For a long time, the bridge lay in pieces. But for nation builders, it was a symbol too good to pass up. So a new bridge is rising between the banks of the Neretva, paid for by the World Bank and a consortium of nations and charitable foundations.

It's a $15-million attempt to literally bridge the differences. But with the help of architects like Popovac, teams of stonemasons are recreating the structure in the traditional manner. The bridge will be finished by the end of the year, and it will serve as a stirring symbol -- but will it be anything more than that?

"This has been Europe and America's premiere experiment in nation building in the '90s. And everybody wants to go home," says Ignatieff. "We've got to have something for the end credits. What better end credit than that beautiful bridge? And so, they're kind of forcing the pace. Mostar is not necessarily ready for the reconciliation that the guys shooting this film want."
But can the reconstruction of the new old bridge create some kind of reconciliation, and serve as a symbol of the East and West being linked again?

"For Muslim people, the main symbol is going to be Allah. For Croat people, main symbol is going to be...God," says Menix. "And the Serb people also, that is the only symbol. Bridges, buildings, whatever, forget."

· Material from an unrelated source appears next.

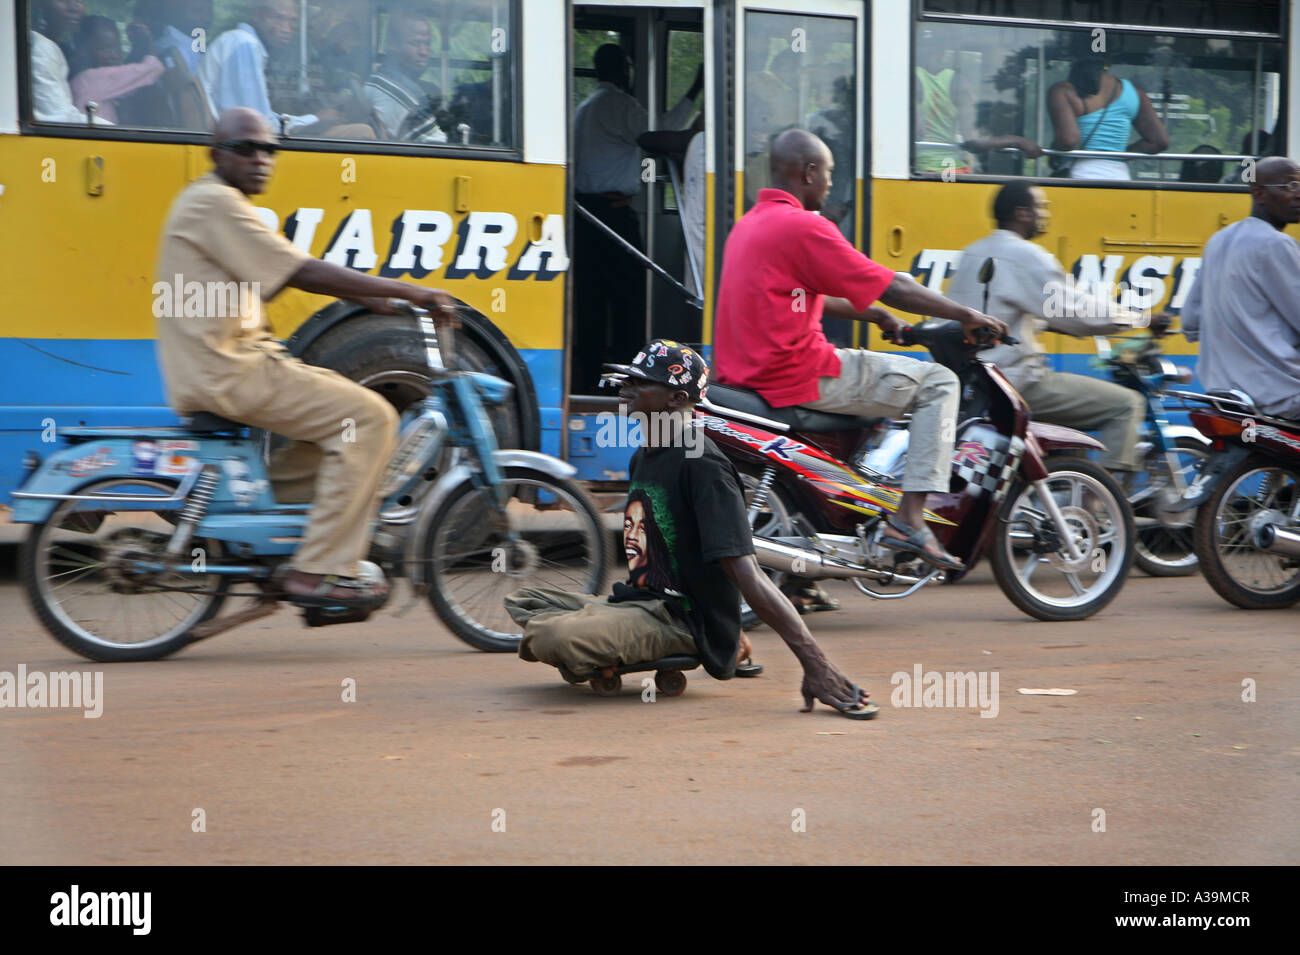 Un mendiant mobilité par la poliomyélite mendiant aux feux de circulation lorsque les voitures s'arrêter BAMAKO Mali, Afrique Banque D'Images

Even Popovac, that rare optimist in Mostar, must struggle to believe in the idea of a single nation: "You can't avoid all the nasty questions and all the bad thoughts and everything. You must really face them and try to deal with them to be able to continue. You know, I can't forget some things and pretend that they didn't happen."

Symbols aside, the reality here is that the wounds may never heal.

"The key thing that Mostar tells you about nation building is, beware of fantasies. Don't think you can impose reconciliation. Bitterness runs very deep," says Ignatieff. "You can't plaster over that stuff. And we, because we have short timetables, 'cause we're in a hurry, we often want symbolic results more than real ones."